Into the ever-churning vortex of debate about leaning in/having it all comes Lisa Miller’s New York cover story bogus trend story about “the feminist housewife,” women who have, without changing any of their feminist convictions, decided they’re happier staying at home with the kids as their full time job. They insist that having a career mattered to them, but it simply couldn’t compete with the tranquility and stability of having one parent managing the household full-time. Several of Miller’s characters describe their pre-housewife lives as miserable and frayed by stress and marital tension. With both parents working, neither gets to the spend the time they want with the kids; dividing up the domestic duties and communicating about them non-stop makes life transactional and exhausting; inevitably someone’s dreams are going to get shorted. So the (two!) women in Miller’s story say they’ve discovered, in giving up an outside career and settling into traditional gender roles, that there really is some kind of “natural” groove of the dad going to work and the mom taking care of the kids.

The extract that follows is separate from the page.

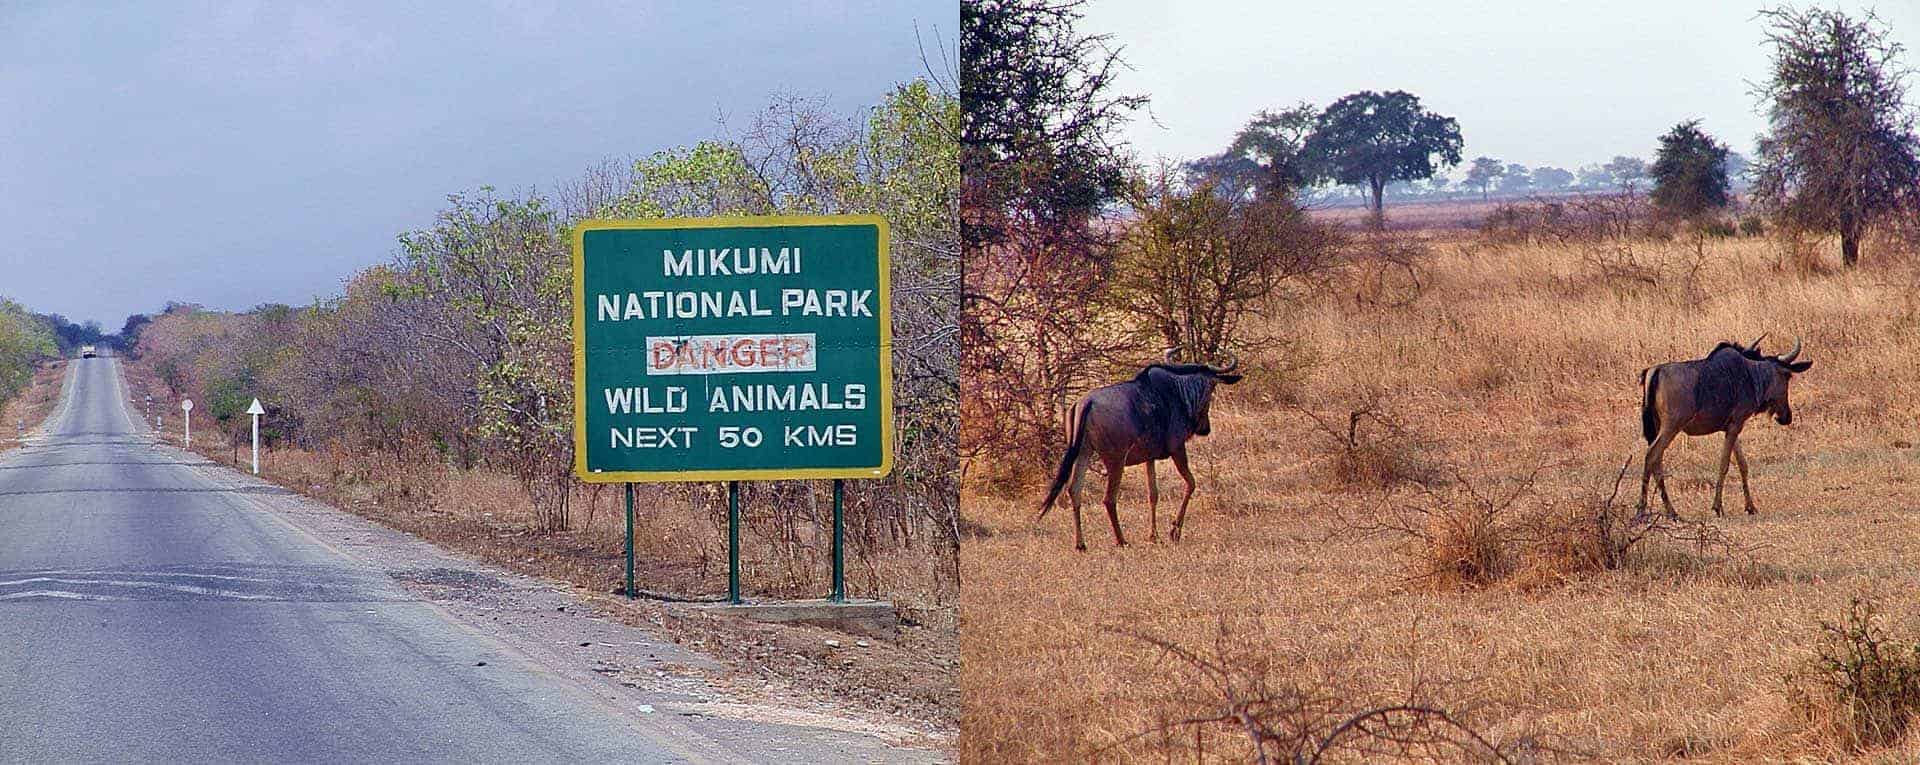 mikumi safari park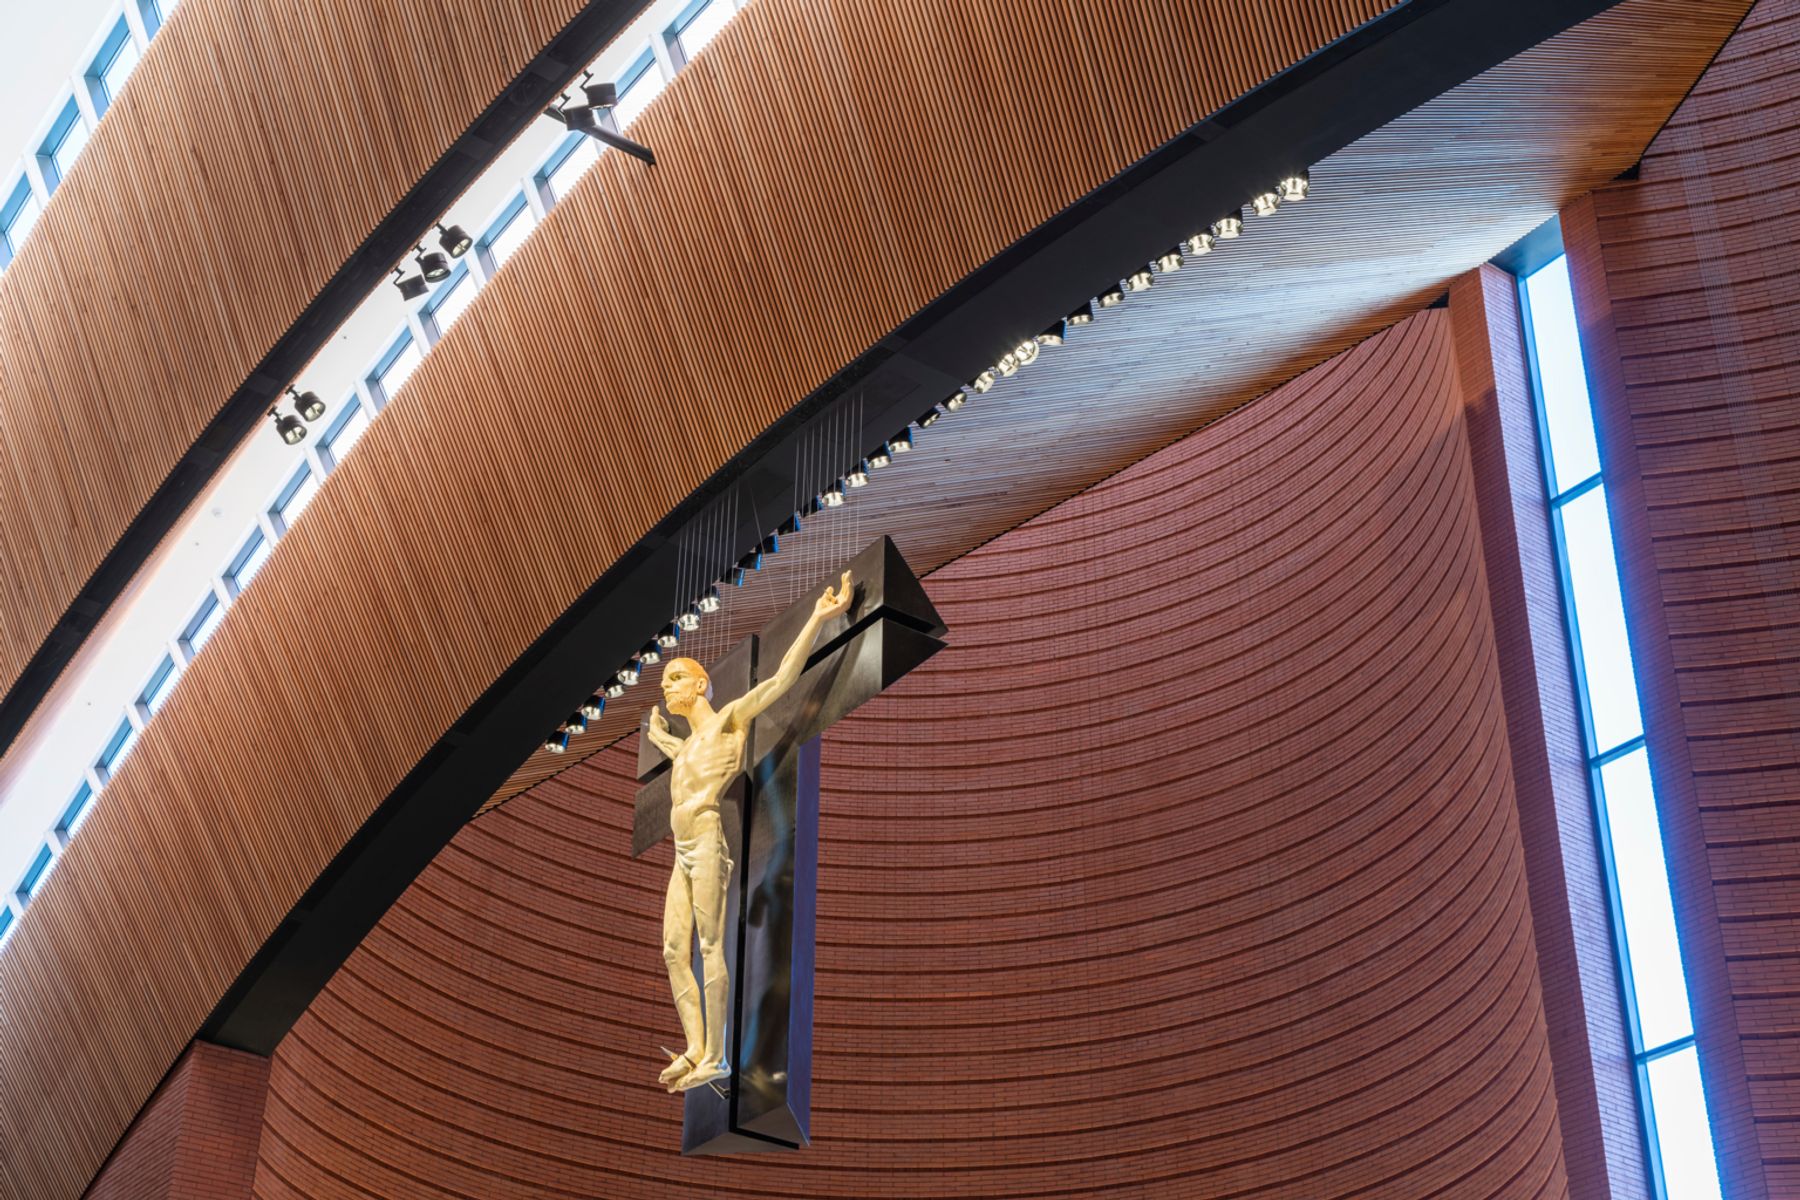 The Shrine of our Lady Rosary of NamYang, Südkorea. Architekt: Mario Botta, Mendrisio. Lichtplanung: bitzro & partners, Seoul. Fotografie: Efrain Mendez Tabares, Spanien

This mass of work-family issues is debated to a pulp, and yet it somehow seems like no satisfying conclusion is ever reached. That’s to be expected, I suppose, considering that we are living through one of the greatest technological and economic revolutions in the history of the planet, and it’s a little ridiculous to assume that answers will be discovered easily. But there are several things these splashy gender-bomb articles tend to consistently leave out of the picture to the detriment of any serious discussion about the important issues they raise. So with this latest article as an example—and Anne-Marie Slaughter, et al, following closely in the rearview mirror—let me try to point out a few things that are continually overlooked and gotten wrong.

They’re too narrowly focused on rich people. I’m far from the first to point this out, but it’s striking the extent to which these debates about who chooses to do what are moot when the conversation is taken beyond wealthy white people. The main character of Miller’s “feminist housewife” story has a husband who makes “low six figures,” which may not be “rich” by Wall Street standards, but is a hell of a lot more than my wife and I make working two full-time jobs. One of us quitting is all but out of the question, and would be all the more so if we had a child So all the talk of optimal arrangements and the “hell” of filling each other in on domestic responsibilities we split becomes meaningless outside of a situation where you have considerable financial flexibility to adjust your domestic arrangement. For many people—including a majority of the people working for places like The Atlantic and New York magazine—the ability to have afford a child at all where they live is a much more pressing question than how to divide the chores.

They’re too narrowly focused on women. We are living in the golden age of the Great Women’s Internet Polemic, and, while I heartily support writing about and for women, this age—with its high quotient of trend exaggeration and trolling—actually does a disservice to public debate about family issues. Despite the way they are often packaged and discussed, I don’t see articles on subjects like Miller’s or Slaughter’s as “women’s issue’s journalism”; these issues are vitally important to my life as a husband and future parent. But when the conversation is all or mostly about who is and isn’t a proper feminist, and what magazine is getting how many pageviews by trolling who, it starts to feel like we’re spinning our wheels on a subject that our society desperately needs to discuss. (Not that that need by any means precludes discussion of the feminism angle; in fact, I’d say the bigger problem is the lack of male writers besides Rod Dreher, PEG and a couple others willing to engage.)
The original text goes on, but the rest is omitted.